### Dataset content
★ ★ ★

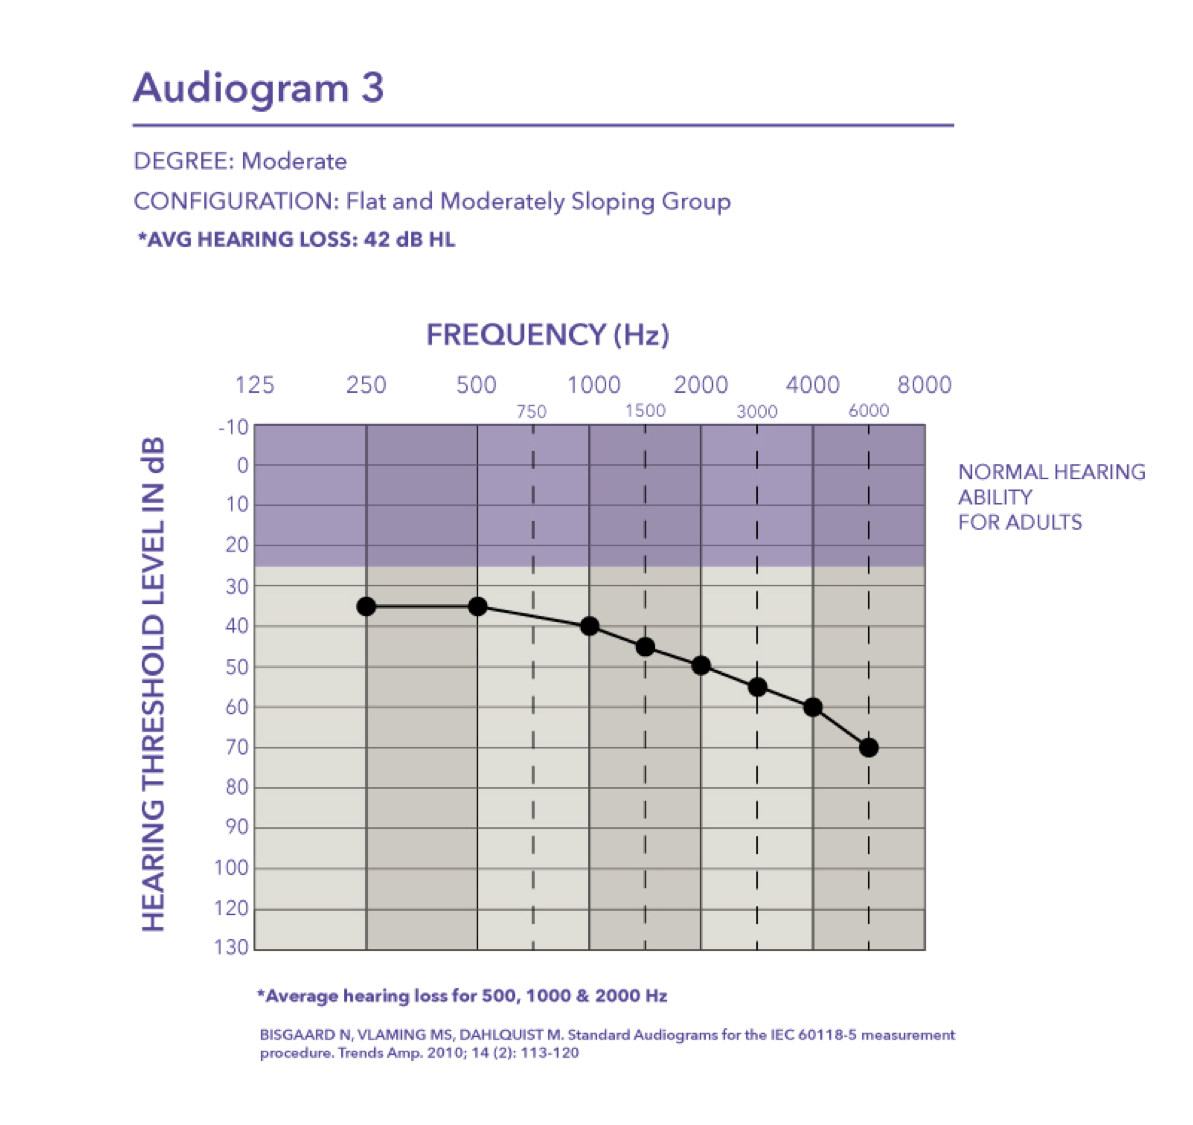 Approaching a moderate loss with the pure tone average of 42 dB HL
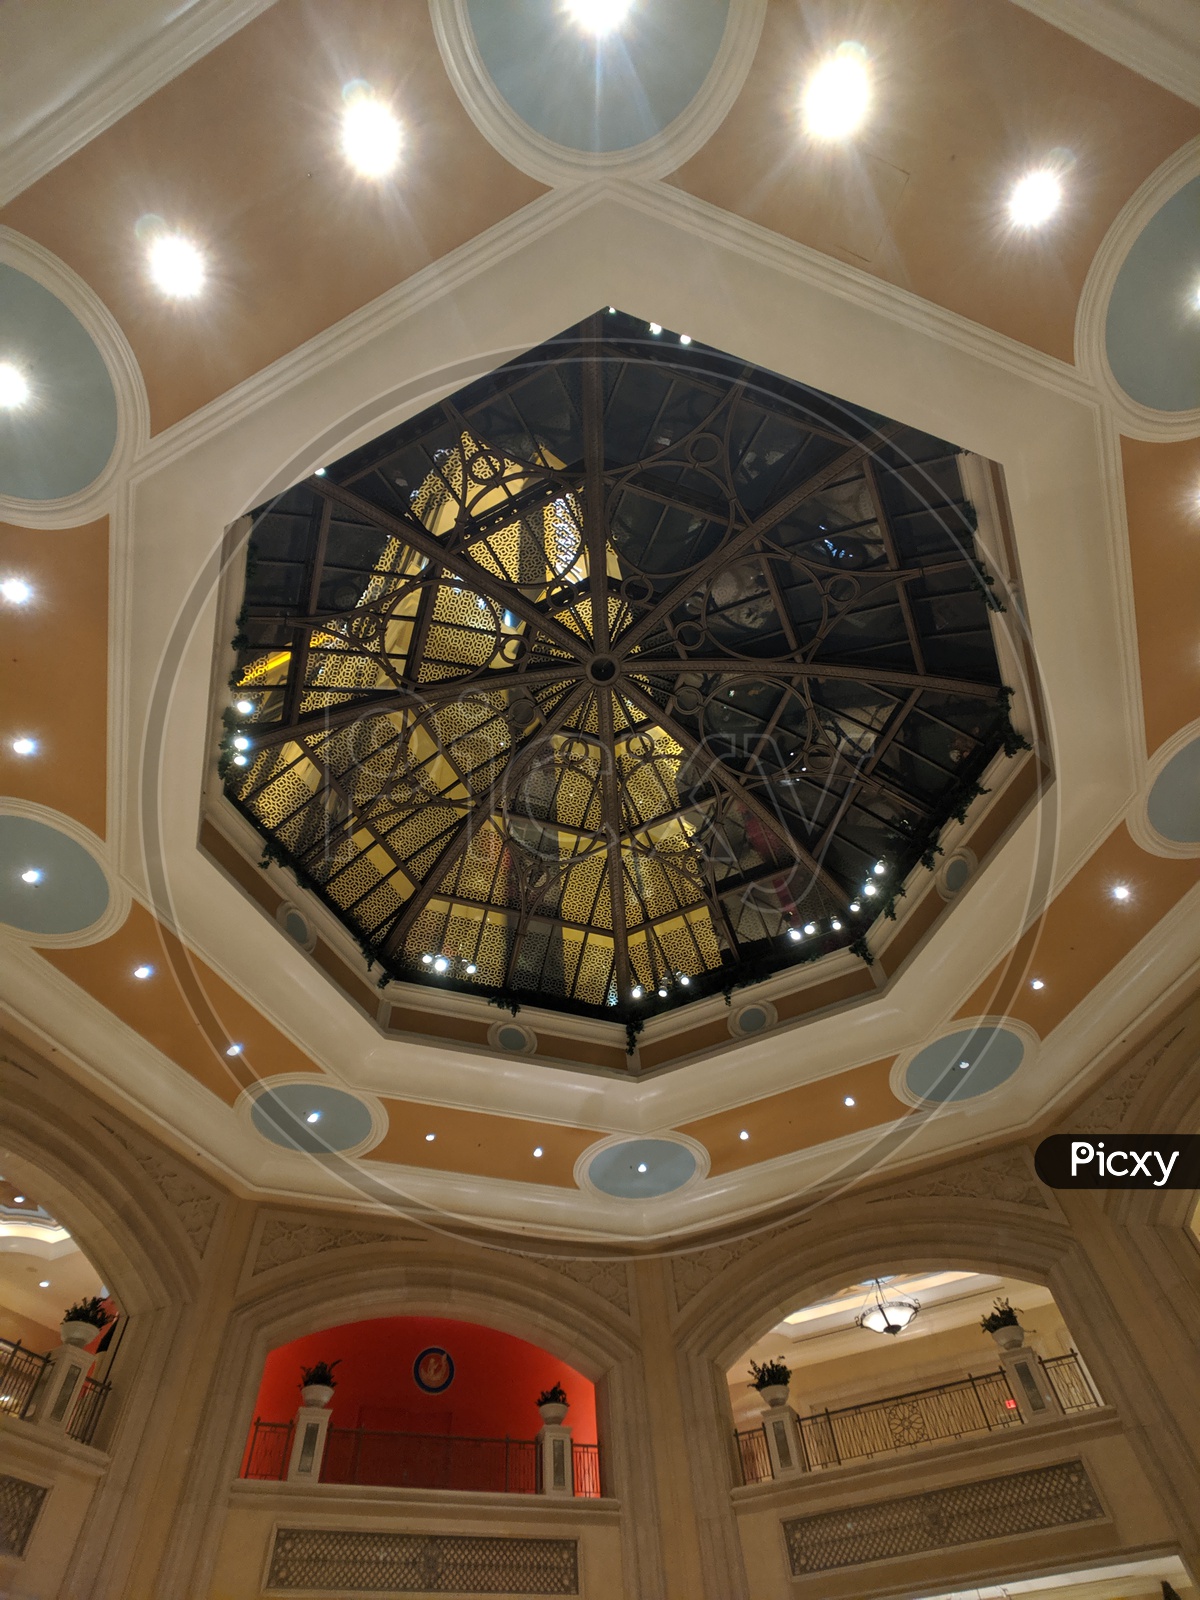 Architecture Of a mall With  Roof Designs
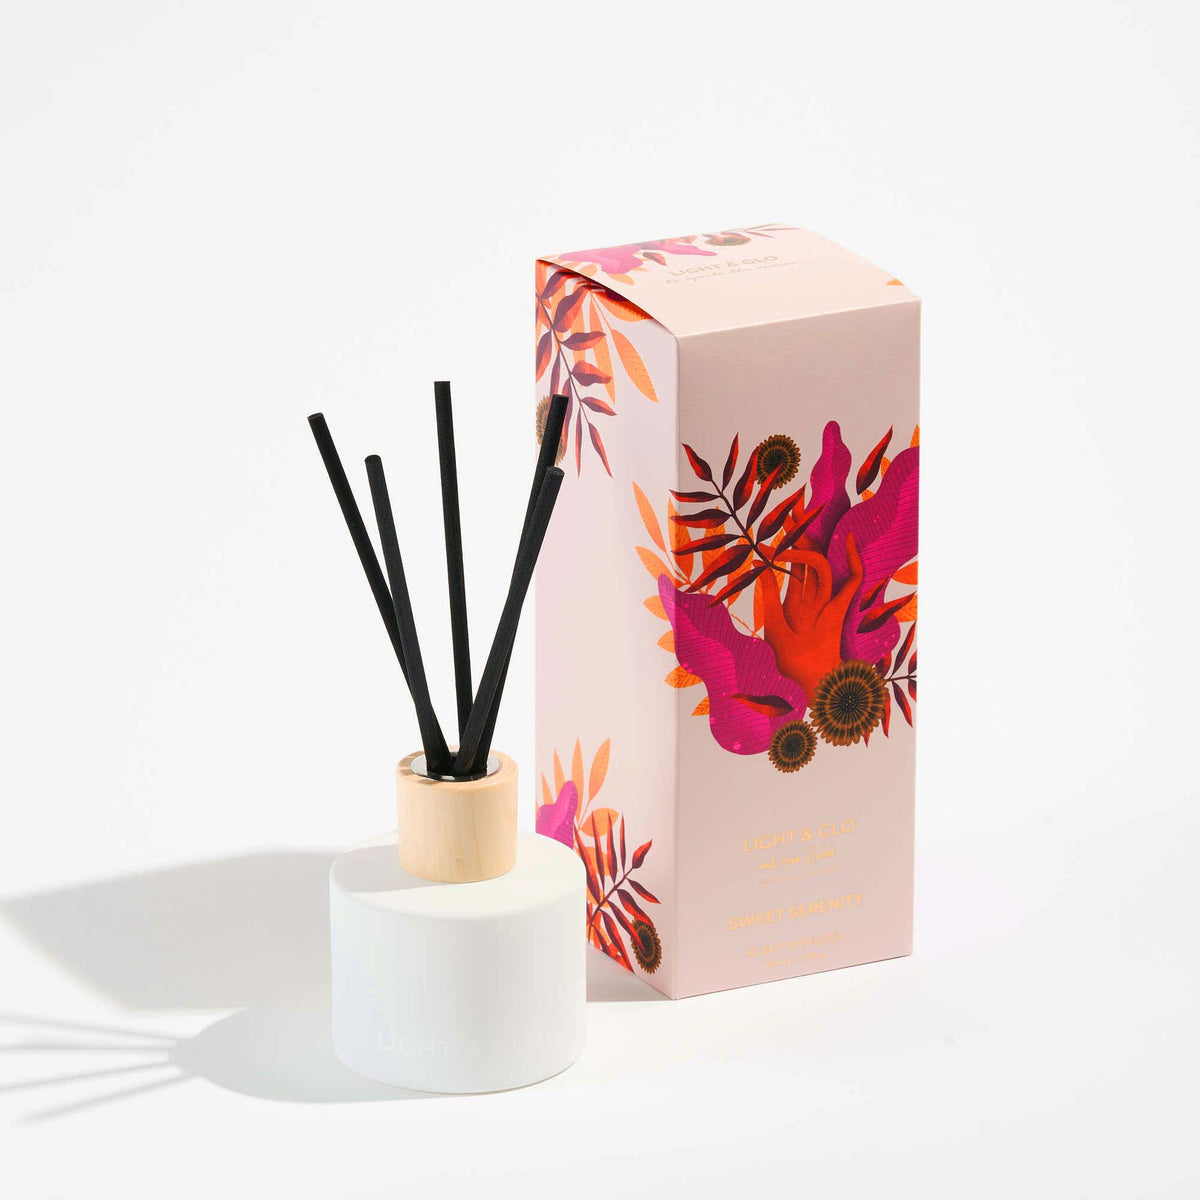 Artist Scent Diffuser - Sweet Serenity | Luxury Candles &amp; Home Fragrances by Light + Glo

★ ★ ★

### Exercise
Please make an exact copy of the whole listing and leave out its pictures.

### Solution to this exercise
 Approaching a moderate loss with the pure tone average of 42 dB HL
 Architecture Of a mall With  Roof Designs
 Artist Scent Diffuser - Sweet Serenity | Luxury Candles &amp; Home Fragrances by Light + Glo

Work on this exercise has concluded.